Richard Michael Fox (1891–December 1969), better known as R. M. Fox, was a journalist and historian of the Irish left.

Fox was born in Leeds in 1891, the second of four sons to a schoolteacher mother and engineering workman father. His parents were active in the Co-operative Movement, and as a young man Fox joined the Socialist Party of Great Britain and the Industrial Workers of the World.

On the outbreak of World War I, Fox denounced it as an imperialist war in which workers had no interest. His refusal to be conscripted led to his being tried and imprisoned several times throughout the war. He was abruptly released in April 1919; later that year he authored his first book, Factory Echoes, and enrolled at Ruskin College in Oxford.

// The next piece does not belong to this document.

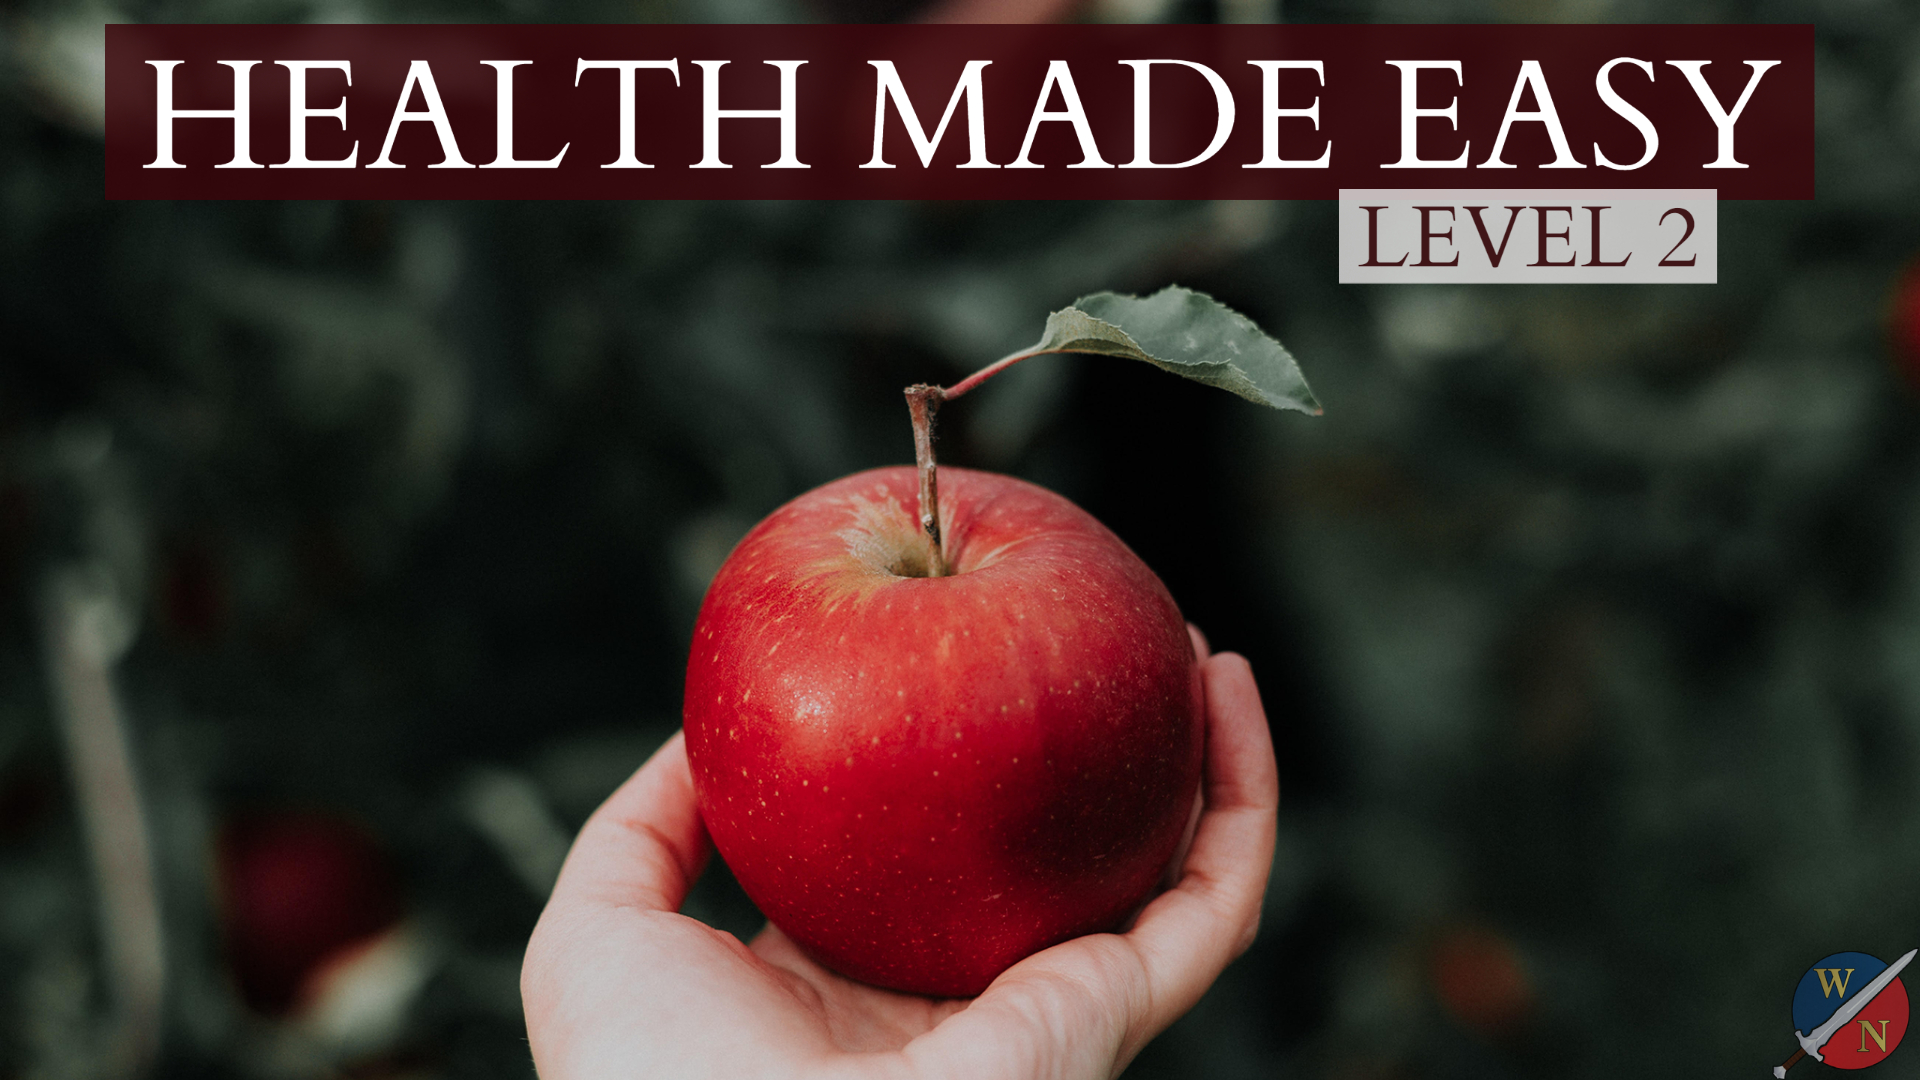 Health Made Easy with Dr. Kevin Zadai - Level 2 course image
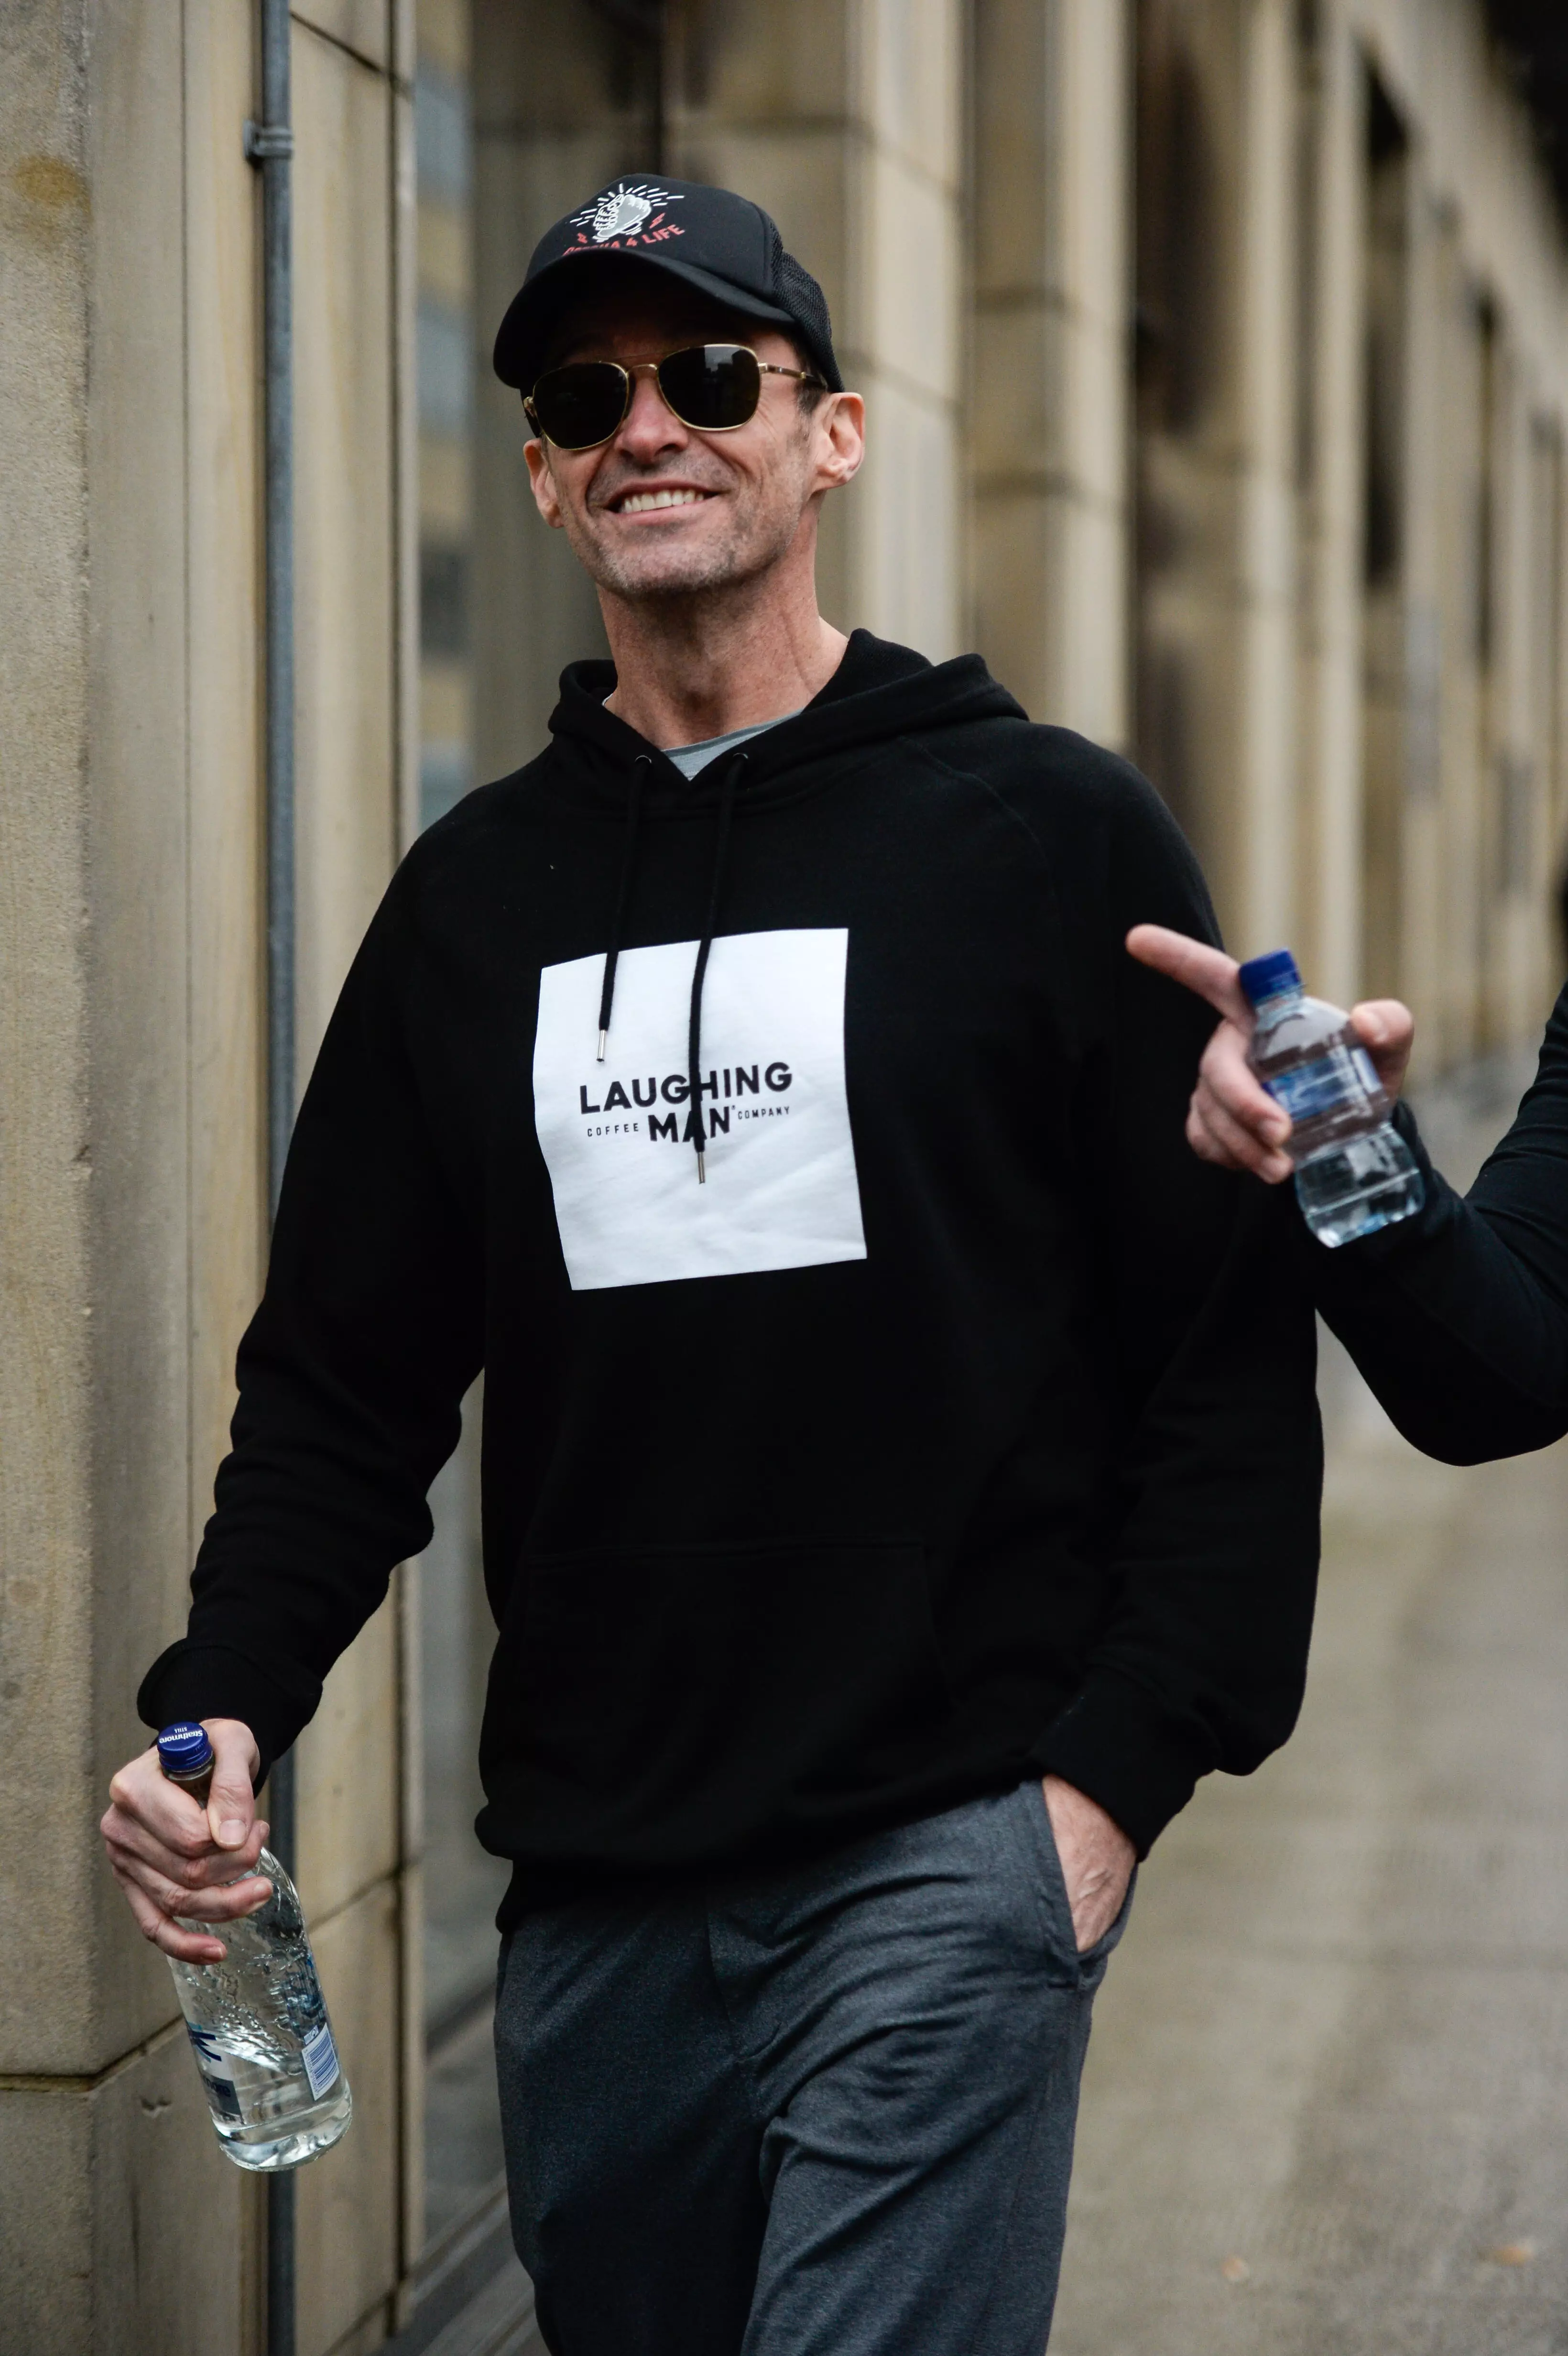 Hugh Jackman was in Glasgow to kick off the world tour of his new show.

While at Ruskin, Fox became the editor of New Oxford and gained a reputation as a labour journalist. He was invited to Soviet Russia in 1921 to observe the results of the recent Russian Revolution, and in 1922 he visited Dublin and established contacts with leading leftist figures there.

Following his graduation from Ruskin, Fox married children's author Patricia Lynch and they spent time in London, Paris, Brussels, and Germany before eventually settling in Dublin. Fox's articles appeared in the Irish Statesman and in the late 1920s he began publishing his books through Virginia Woolf's Hogarth Press. His autobiography, Smoky Crusade, was published in 1937.

During "The Emergency", the Irish Directorate of Military Intelligence was concerned about The Irish Press having Fox, Maire Comerford, Brian O'Neill, Geoffrey Coulter, and Tom Mullins on its staff.

Fox also commented and published on the state of Irish literature and theatre. Reviewing Teresa Deevy in 1948 he comments that while her plays were remarkable they were not frequently staged. "I ask myself why the work of a modern Irish dramatist of such creative power is not seen more often on the Irish stage."

An account of Fox’s trip to Maoist China was published as China Diary in 1959.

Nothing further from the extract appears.